Tough economic times deal Sin City a bad hand
President Obama's tour of five battleground states in the coming election took him Thursday to Las Vegas, Nevada. No state has a higher unemployment rate -- 12.6 percent -- and no city a higher foreclosure rate. CBS News correspondent Anthony Mason now on what can happen when a state places all its bets on a single industry.
The sign says "Fabulous Las Vegas." But it's not so fabulous these days. Sin City's economy was built on gaming and tourism. Yet in the recession, that hand was a bust.
"You wanna talk about a company town? This is a company state," said Jim Murren, CEO of MGM Resorts.
Murren runs a dozen resort casinos in Vegas. With 50,000 workers, MGM is the largest employer in Nevada and its biggest source of tax revenue. "We alone -- one company -- represent about 12 percent of the entire state budget," he said.
While tourism and gaming revenue are rising again, the state's largest casinos still lost $4 billion last year.
There are plenty of casualties along the strip. That's the half-built skeleton of the Echelon, a planned five-hotel mega resort. But construction stopped when the recession hit and has never resumed.
Up the strip, the bankrupt Fontainebleau is also unfinished. The historic Sahara closed its doors last May. Even MGM's massive City Center, the largest privately-funded construction project in U.S. history, nearly didn't make it.
"We need to diversify our economy," said Murren. "We need to bring more businesses here."
But for entrepreneurs like Jason Mendenhall, the city hasn't made it easy.
"I mean if it wasn't a high-rise building, or if it wasn't casino, no one wanted to talk to you. Banks didn't want to talk to you. No one wanted to talk to you," he said.
Mendenhall is executive vice president of Switch, a high-tech hub for data storage. Its clients include the government, banks and Fortune 500 companies.
"And you're actually expanding," Mason asked Mendenhall.
"We are," he said. "It will be one of the largest construction projects in the state of Nevada. We're gonna create over 3,000 construction jobs and hundreds of technical and operation jobs as we continue to grow."
Nevada now points to Switch as the model of the kind of business it wants to attract.

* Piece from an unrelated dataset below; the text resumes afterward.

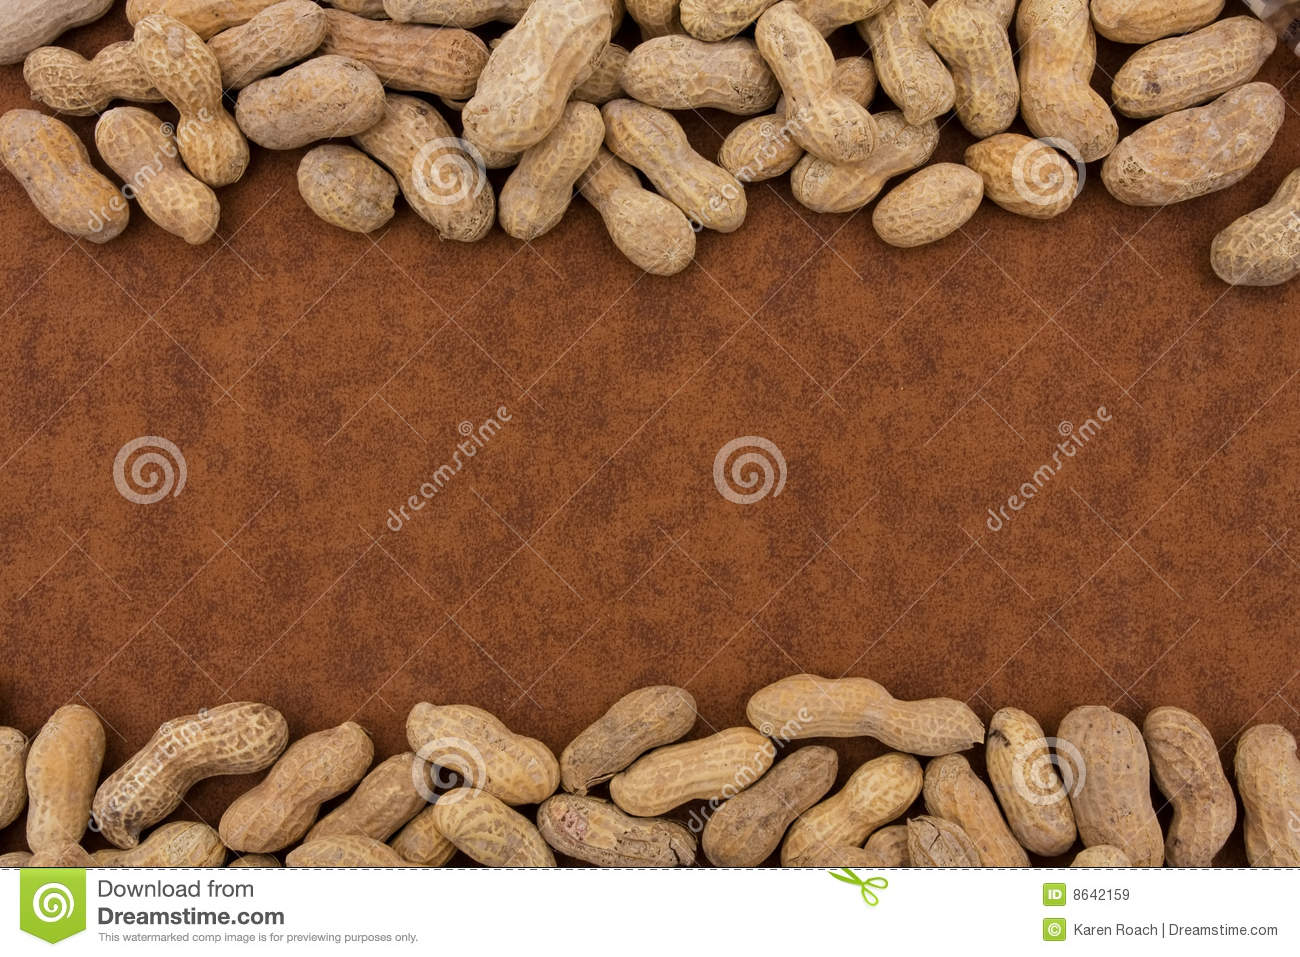 Peanuts In The Shell Making Border On A Brown Background Peanut

"Is it getting better?" Mason asked.
"It is," said Mendenhall." And I think what has happened is the mindset of the people within the state has changed dramatically."
At MGM, Jim Murren thinks a full recovery is still two years away. But after laying off 8,000 workers in the recession, MGM is investing in its Vegas hotels this year.
"We are utterly confident and we're putting our money where our mouth is," said Murren.
In Sin City, they like their odds again.